Lolo and Lola Valentine

Mutya ng PASSCI Mars. Magsalin and Ginoong PASSCI Mr. Castor
Mutya ng PASSCI Mrs. Francisca Magsalin and Ginoong PASSCI Mr. Casimiro Castor

Year in year out, Sydney’s Filipino Senior citizens organisations celebrate their trademark Valentine Day as their second biggest event in their annual calendar, next only to their foundation anniversary day.

The first  and most resilient Filipino seniors club in Sydney the Philippine Australian Society for Seniors Citizens of PASSC, crowned last 16 February this year Mrs Francisca Magsalin, 81, as Mutya ng PASSC and Mr Casimiro Castor, 78 as Ginoong PASSC 2013, during their Valentine Day celebration at the Fairfield Community Centre, in Fairfield.

No less than Philippine Consul General Anne Jalando-on Louis honoured the association  and found time to attend and address  the seniors with familiar encouraging words during the event on a Saturday afternoon.

Previous press release of the association announced modest admission price for the gathering held in a local community centre, a more budget priced venue compared with last year’s event which was held in an RSL Club.

Two other senior citizens organisations the Association of Golden Citizens of Australia-Philippines, Inc. (AGAPI) of Rooty Hill, NSW and the Sydney Australian Filipino Seniors, Inc.(SAFSI) of Marayong, NSW celebrate similar type of calendared events, namely foundation day and Valentines day.

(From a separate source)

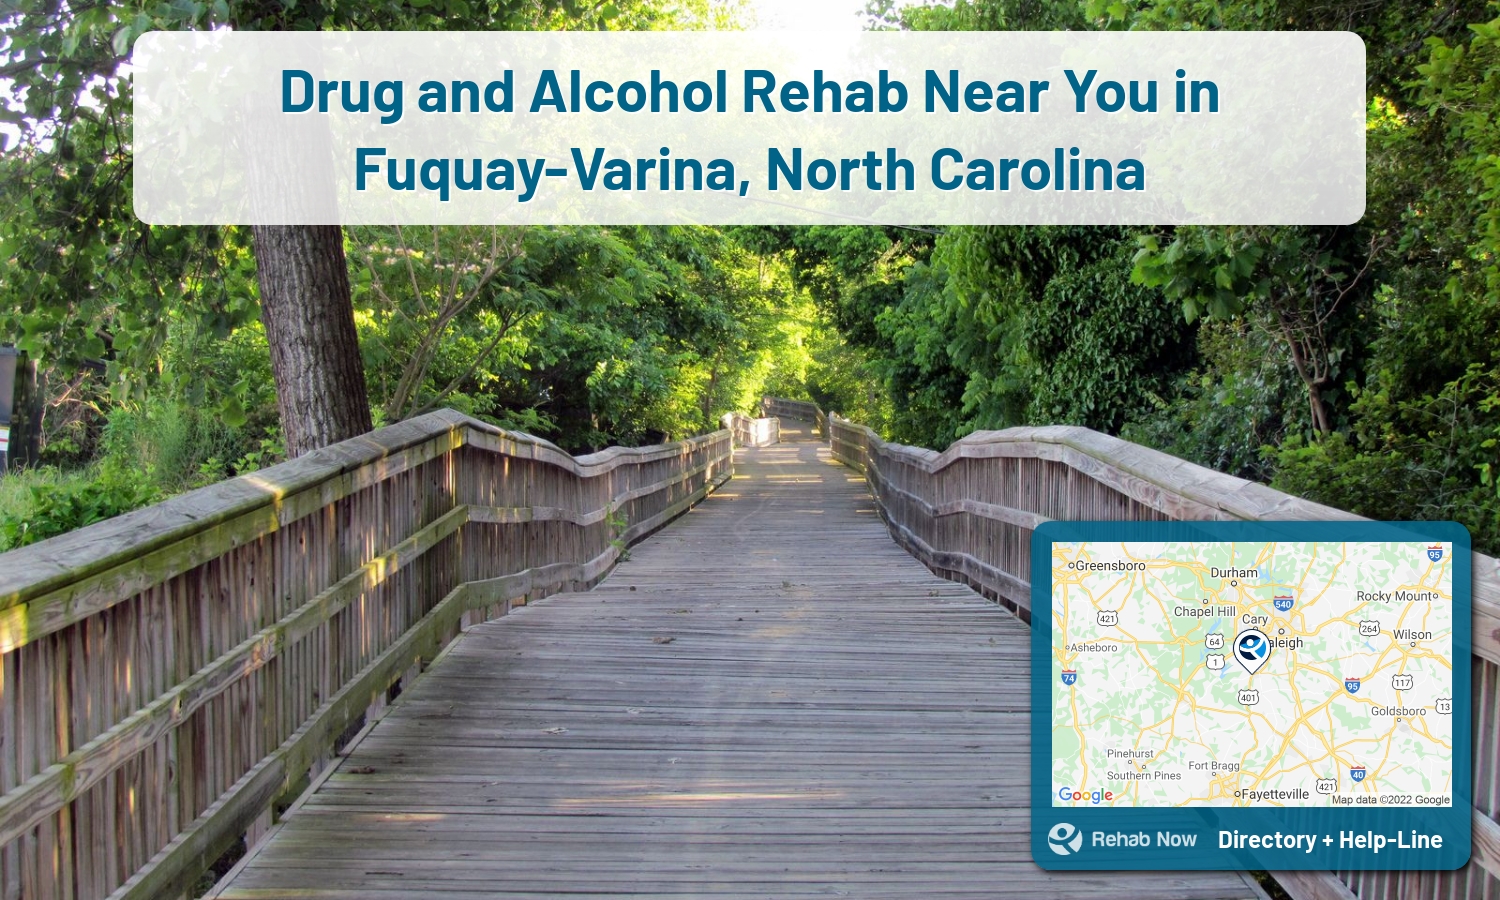 Fuquay-Varina, NC Treatment Centers. Find drug rehab in Fuquay-Varina, North Carolina, or detox and treatment programs. Get the right help now!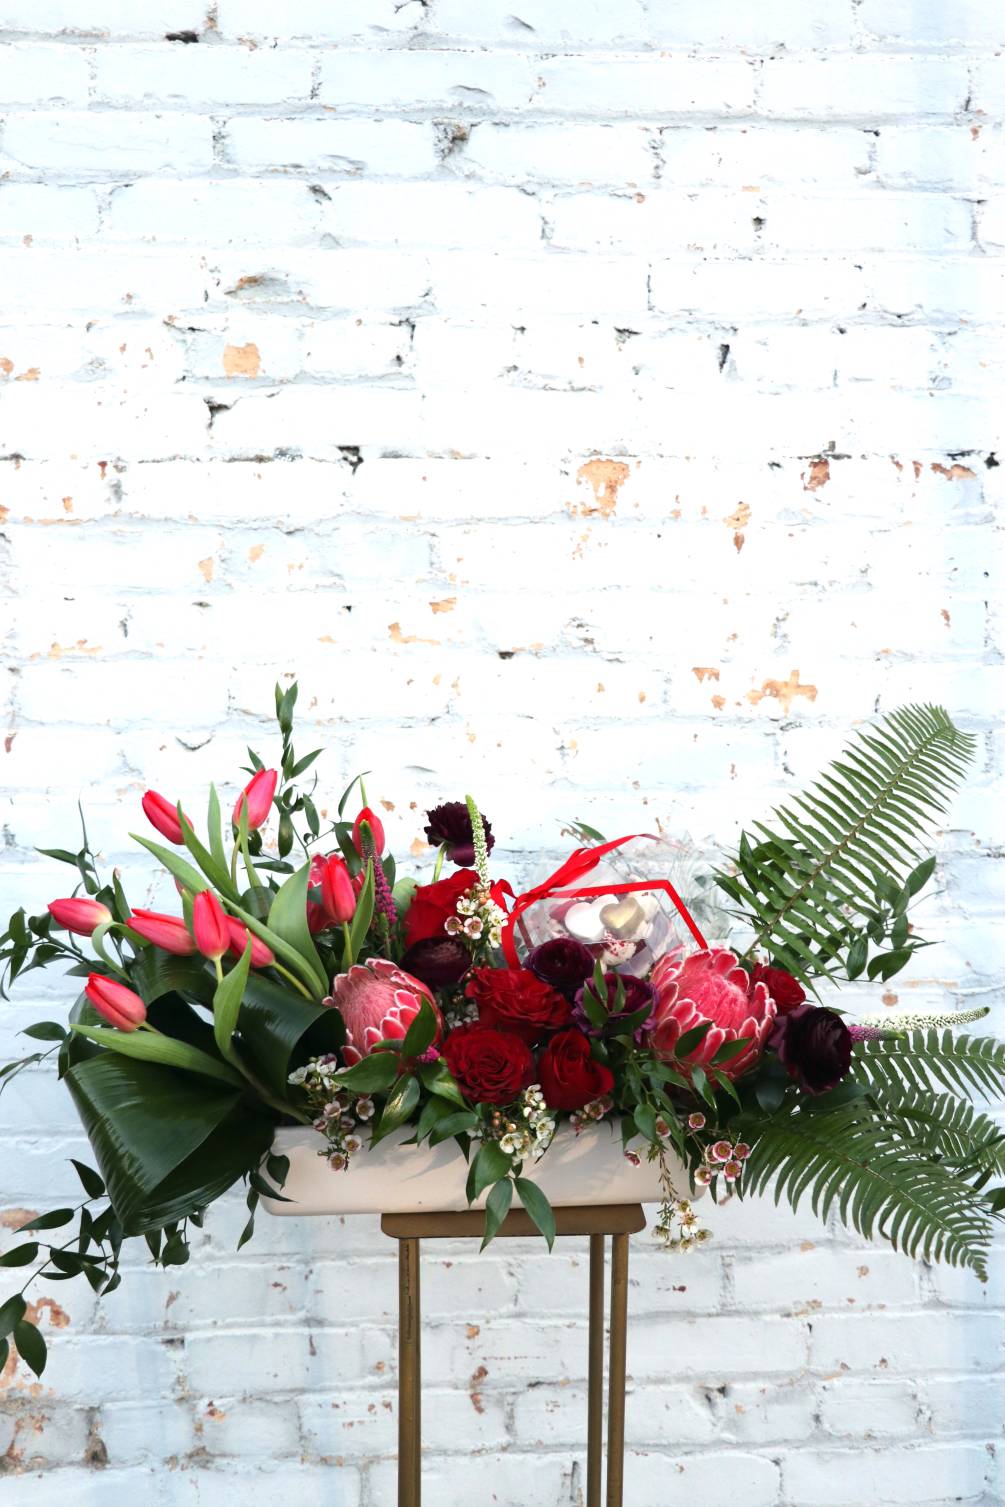 Stunning floral arrangement paired with a gift of your choosing. Participating businesses

Many Filipino seniors are blessed to attend fortnightly their club meetings in Sydney, with a mixture of  fellowship, shared meal,  ballroom dancing and occasional address by invited guests of politicians, health resource persons, migration professionals and Department of Ageing  personnel. But annual celebrations such as Valentines Day is an anticipated event viewed with fun and plenty of self-encouragement.

Some adult children of seniors may shun seeing their mum or dad being crowned as  pageant king and queen and consider the idea as daggy or lacking in taste.

But looking at it deeply should reveal that seniors, however frail or their faculties failing as they may be, can really boldly accept to say “love conquers all” , a message of experience not primarily to one’s pageant partner during the occasion, but to the greater world out there and the younger generation still able to learn of their life’s testimony.